The Mitigant: Because Turtle LPs deposit stablecoins rather than native HYPE, and the vault hedges its position using liquid perpetuals and Pendle markets, LP exit liquidity is governed by secondary market depth (Hyperliquid perps & Pendle AMMs), completely bypassing Nunchi's native administrative lockup queues.
4. The Revenue Profile
This facility generates returns from four distinct, non-correlated sources:
A. Yield Arb Spread
Cash profit from selling YTs to retail speculators at a premium via Pendle.
8% to 15%
B. Market Making Fees
Spread capture from acting as the counterparty on the Nunchi Yield Exchange.
5% to 12%
C. Funding Rates
Earnings from holding the short-leg of the HYPE basis trade.
Variable (Market Dependent)
D. cHIPs Allocation
A dedicated allocation of Nunchi protocol points reserved solely for Turtle LPs.
Long-term protocol upside
Target Blended APY: 15% - 25%+ (Net of hedging costs).
5. Risk Analysis & Mitigations
1. Basis Risk & Funding Rates
The Risk: To maintain delta-neutrality on the HYPE bond, the vault holds a Short HYPE-PERP position. If funding rates turn deeply negative, the vault pays funding.

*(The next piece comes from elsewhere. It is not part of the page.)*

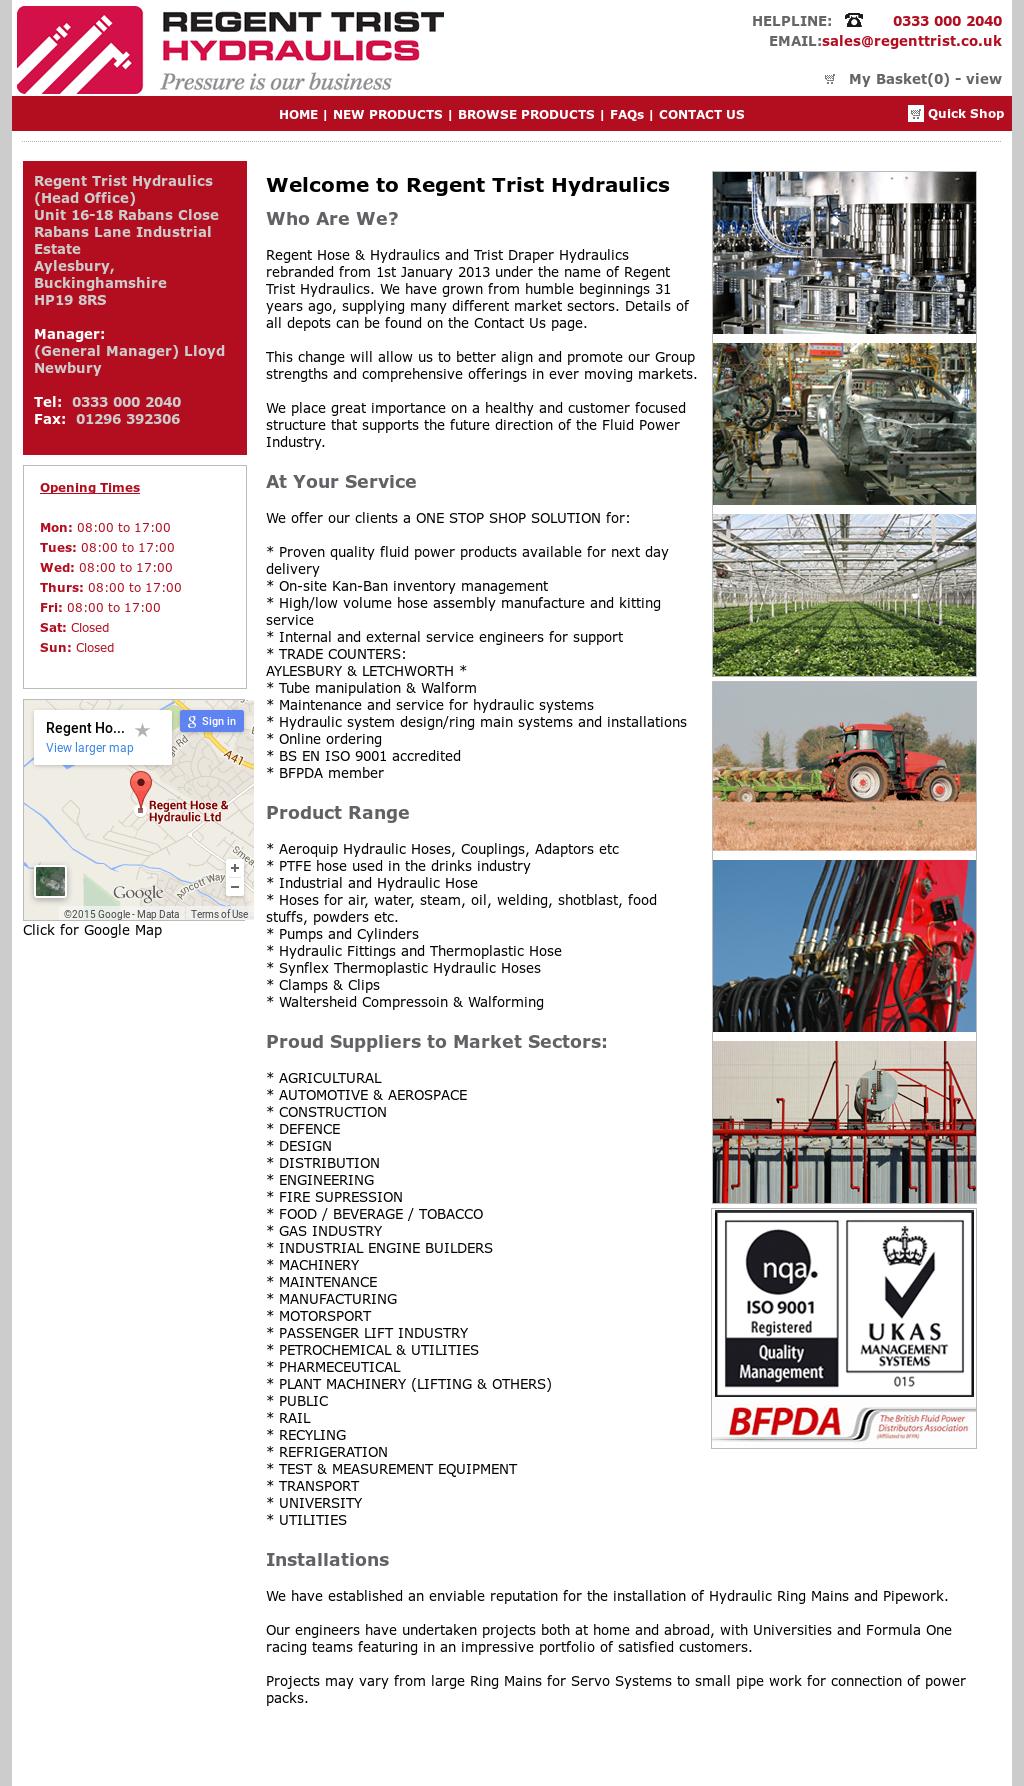 Regent Trist Draper Hose & Hydraulics Competitors, Revenue

The Mitigant: The vault dynamically manages the size of the basis trade. If the cost of the hedge exceeds the premium captured from selling YTs on Pendle, the vault unwinds the position and reallocates capital to Strategy B (Market Making).
2. Smart Contract & TEE Risk
The Risk: Standard DeFi contract exploits or TEE side-channel attacks.
The Mitigant: Nunchi separates off-chain execution from on-chain settlement. Matching is done inside AWS Nitro Enclaves, backed by cryptographic attestations. On-chain contracts rely on strict "Bouncer" logic that guarantees solvency and mathematically bounds maximum daily drawdown to 2.5% of TVL.
3. Impermanent Loss (Pendle AMM)
The Risk: Temporary divergence in PT/SY pricing.
The Mitigant: PT-nHYPE and SY-nHYPE converge to exactly 1:1 at maturity. Pendle’s V2 AMM is designed specifically to minimize residual IL for yield-bearing assets.
Key Takeaways
The Nunchi Stablecoin Vault represents a rare opportunity to capture the lucrative yields of early-stage protocol deployment and retail point-speculation without taking directional crypto exposure.
By utilizing a basis strategy to solve the HIP-3 bootstrapping phase, and a TEE-backed market maker to capture exchange spreads, this facility offers institutional-grade risk management applied to highly unoptimized DeFi yields.